Parameters related to diffusion capacity are also important components of PFT, but unfortunately not all the patients had relative data in this retrospective cohort. Nevertheless, we also analyzed the impact of diffusion capacity parameters in a subset of our cohort, including the ratio of diffusion capacity for carbon monoxide determined in single breath to predicted value(DLCO SB/pre), the ratio of diffusion capacity for carbon monoxide per liter of alveolar volume to predicted value(DLCO/VA/pre) and the ratio of STPD (standard conditions with temperature 0 °C, pressure 760mmHg and dry) corrected diffusion capacity for carbon monoxide determined in single breath to predicted value(DLCOc SB/pre). All these parameters were comparable among different groups (P > 0.05), and none of them was identified by univariate Cox model. We supposed the diffusion capacity parameters had limited effect, since the pulmonary cGVHD predominantly manifested as an obstructive disease.
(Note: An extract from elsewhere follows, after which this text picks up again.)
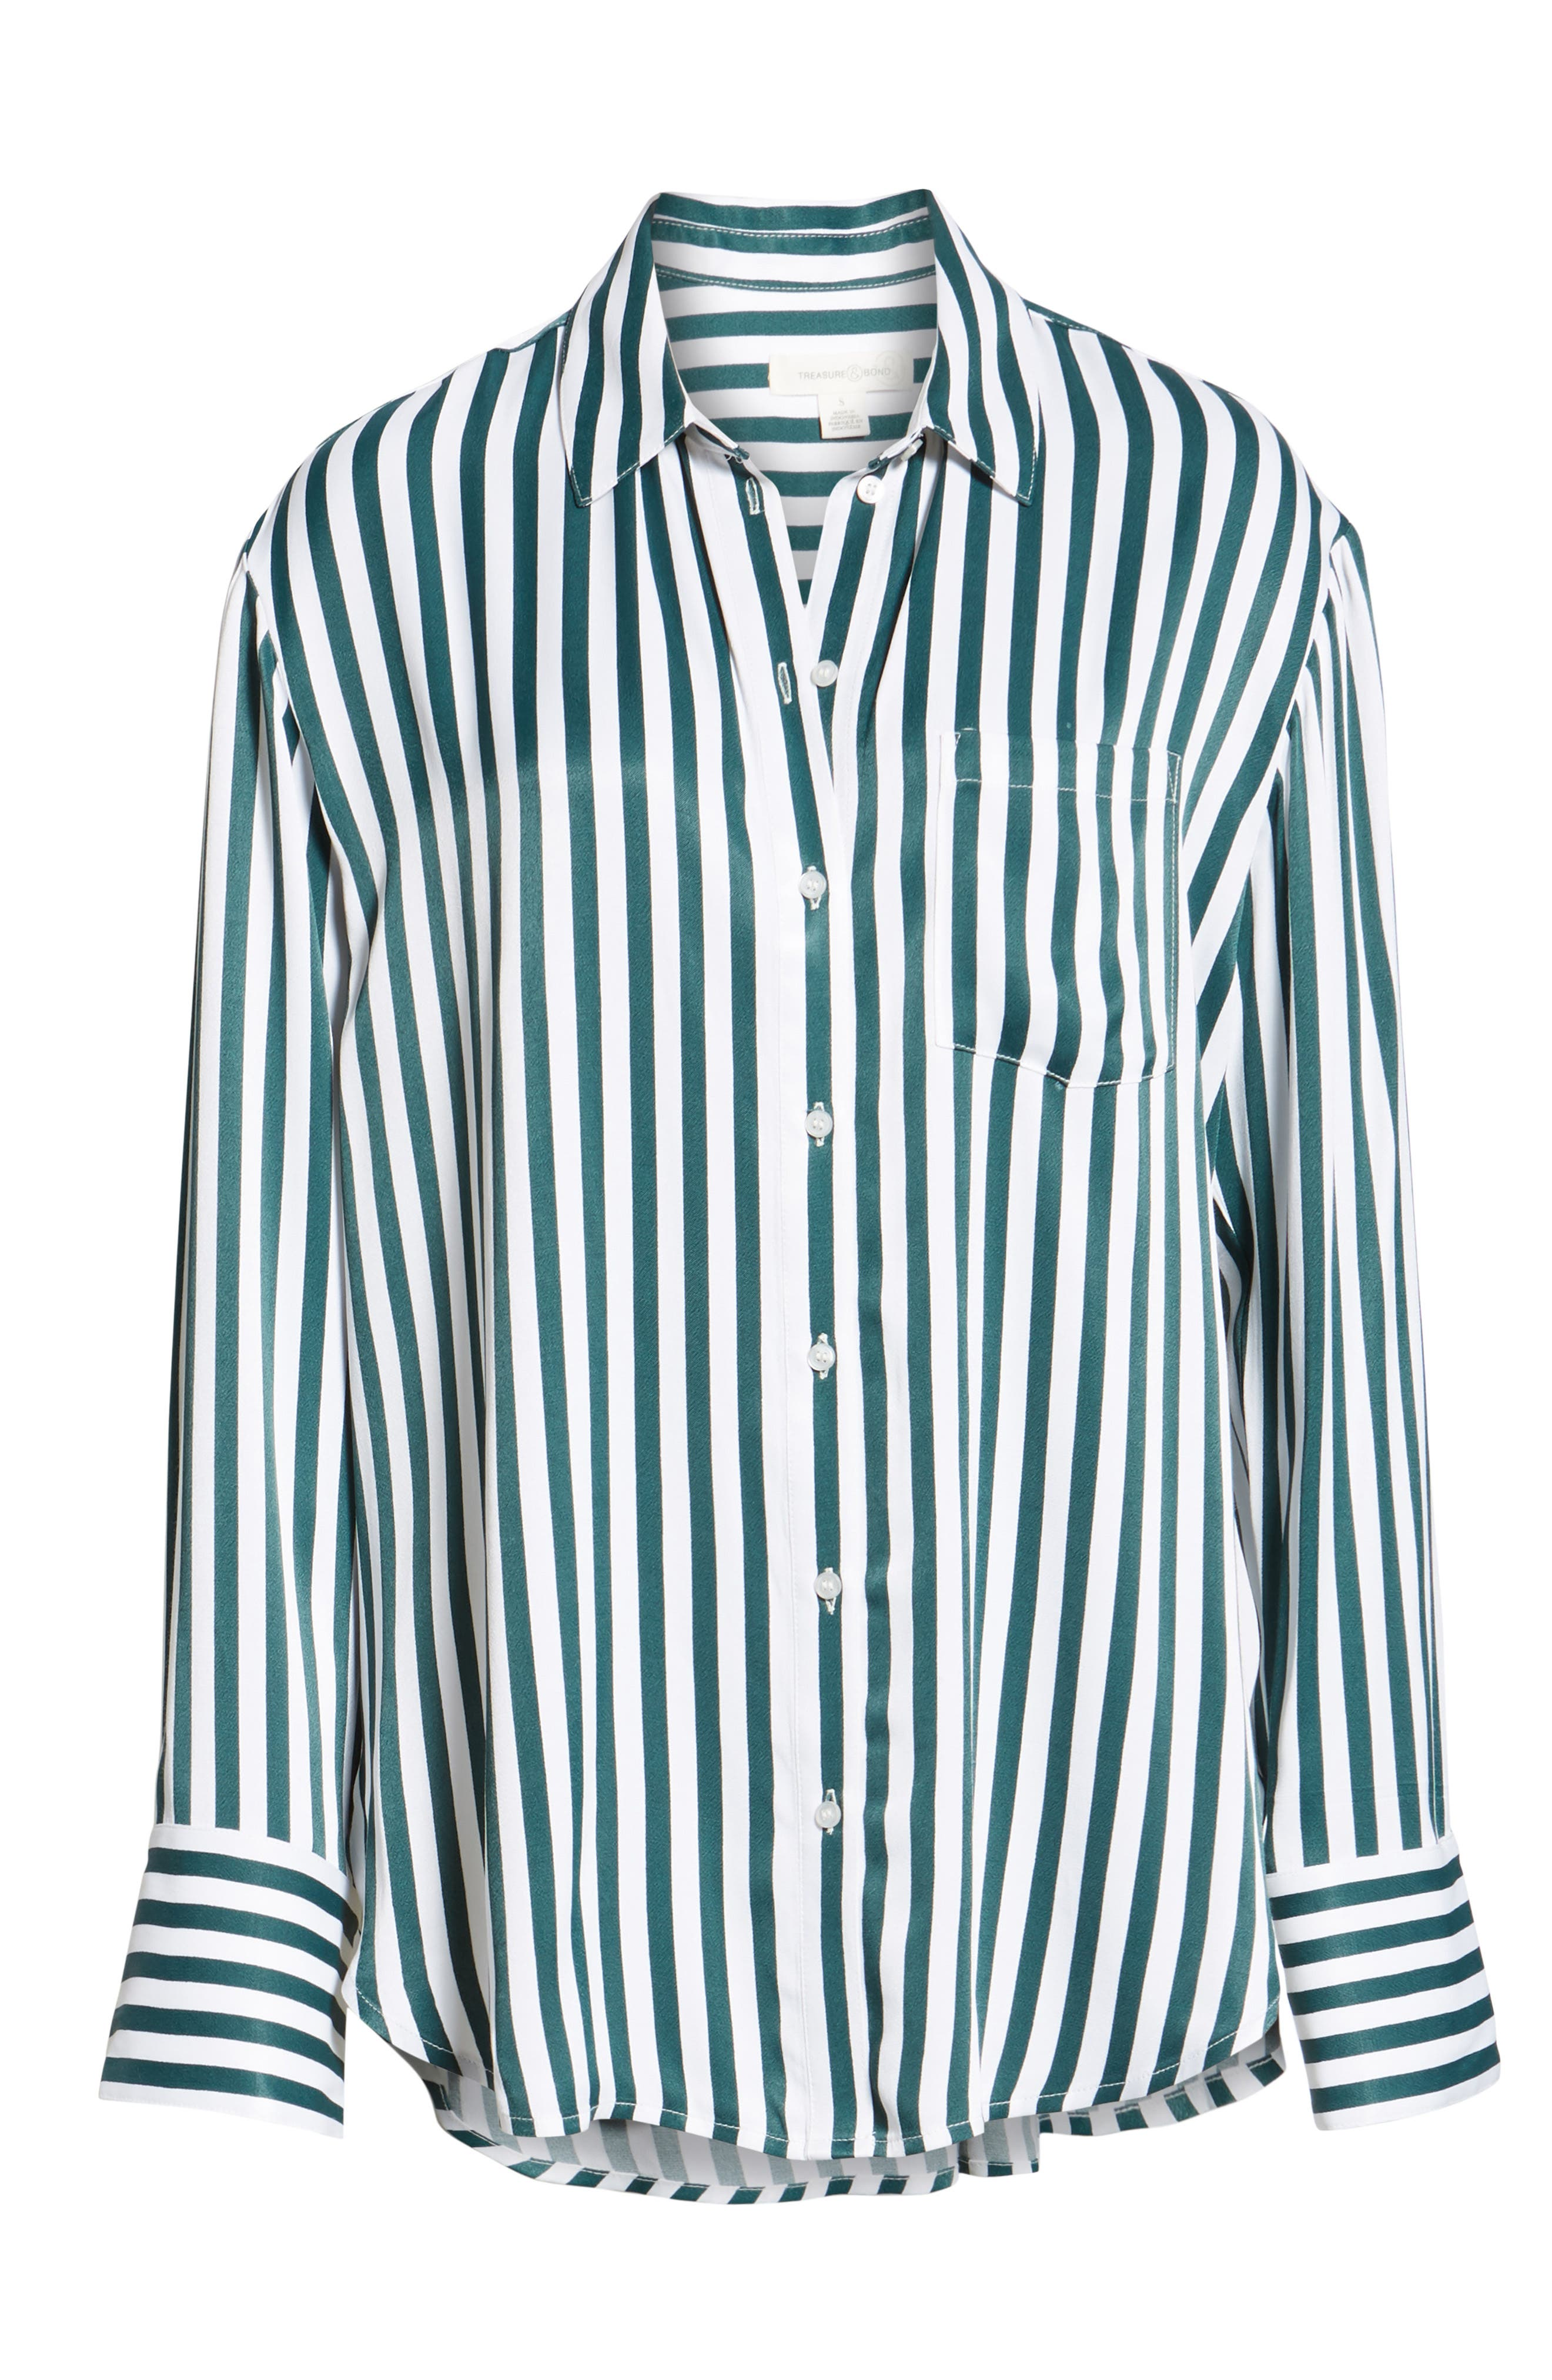 Striped Boyfriend Shirt,                             Alternate thumbnail 6, color,                             GREEN BUG WIDE STRIPE

This study had several limitations, including the inherent shortages of a single-center retrospective study, lack of regular PFT detection post-HSCT, and incomplete information of previous history and therapeutic data. In addition, only 15 patients were diagnosed as pulmonary cGVHD in our cohort, which inevitably impaired the precision of our results. Further studies are warranted to confirm our findings and explore the value of other PFT parameters with larger sample from multicenter cohorts.

Conclusion

Due to the poor prognosis of pulmonary cGVHD, early recognition of high risk patients is critical for prophylactic or preemptive interventions. PFT is a routinely employed detection before HSCT, which may potentially predict the risk of pulmonary cGVHD and even transplant outcomes according to our data.